● **ACTION ITEM**:
The task for the listing below is to write out exactly the lines starting at the one containing "Arizona panorama with cacti" and ending at the one containing "Deutschland - Anlagegold: 2", both included. Pictures are to be omitted.

● **INPUT**:
"""
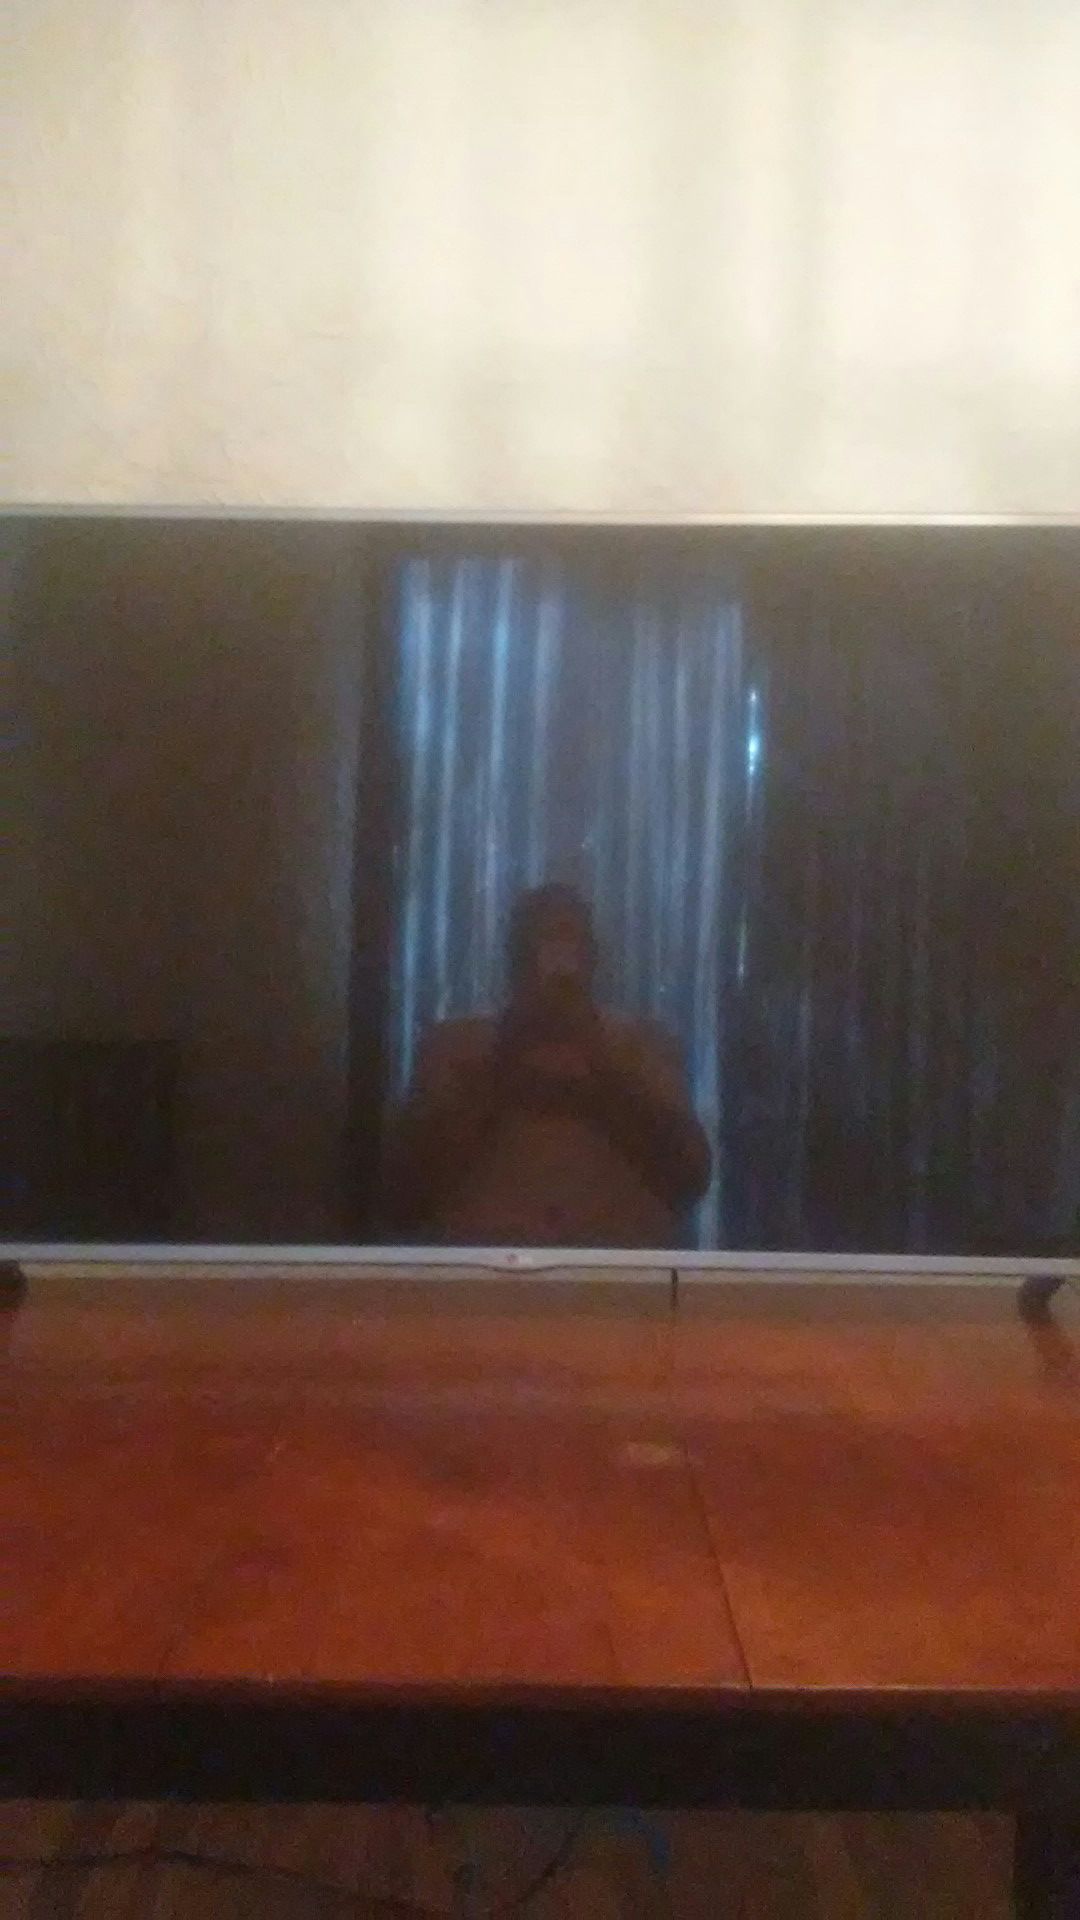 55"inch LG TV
"""
"""
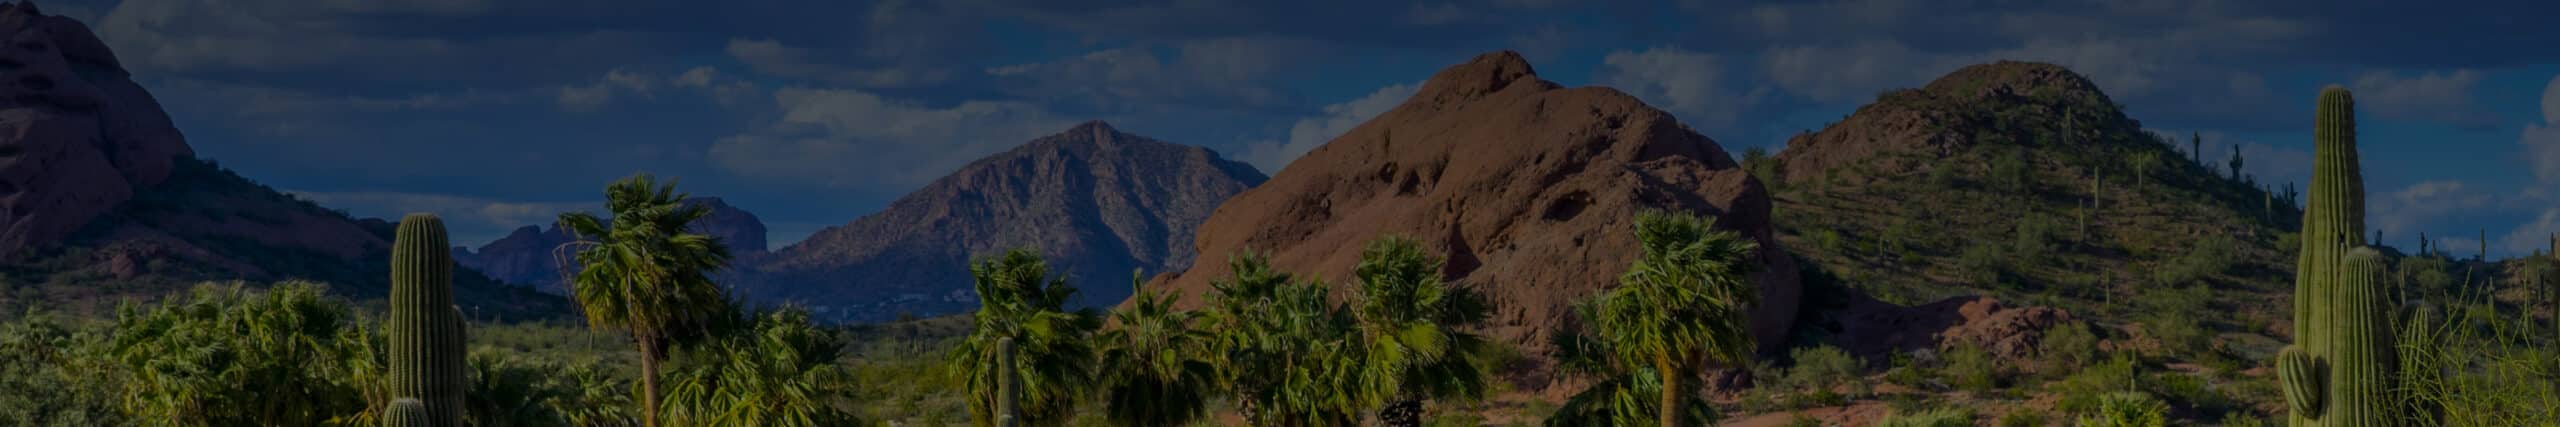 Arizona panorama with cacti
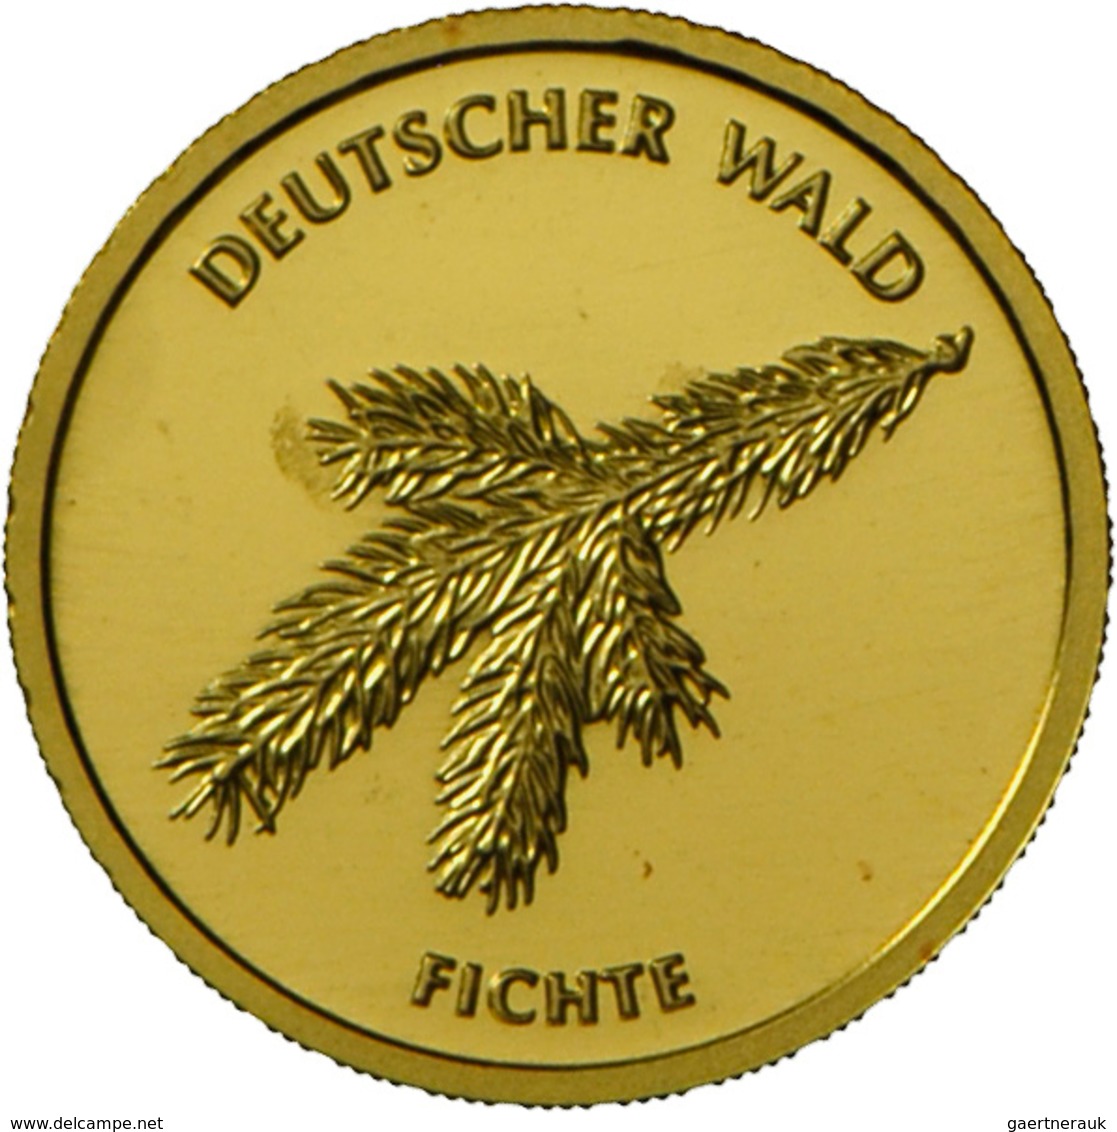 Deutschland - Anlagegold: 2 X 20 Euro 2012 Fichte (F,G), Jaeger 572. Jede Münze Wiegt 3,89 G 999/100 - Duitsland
"""
● **RESULT FOR THIS EXERCISE**:
 Arizona panorama with cacti
 Deutschland - Anlagegold: 2 X 20 Euro 2012 Fichte (F,G), Jaeger 572. Jede Münze Wiegt 3,89 G 999/100 - Duitsland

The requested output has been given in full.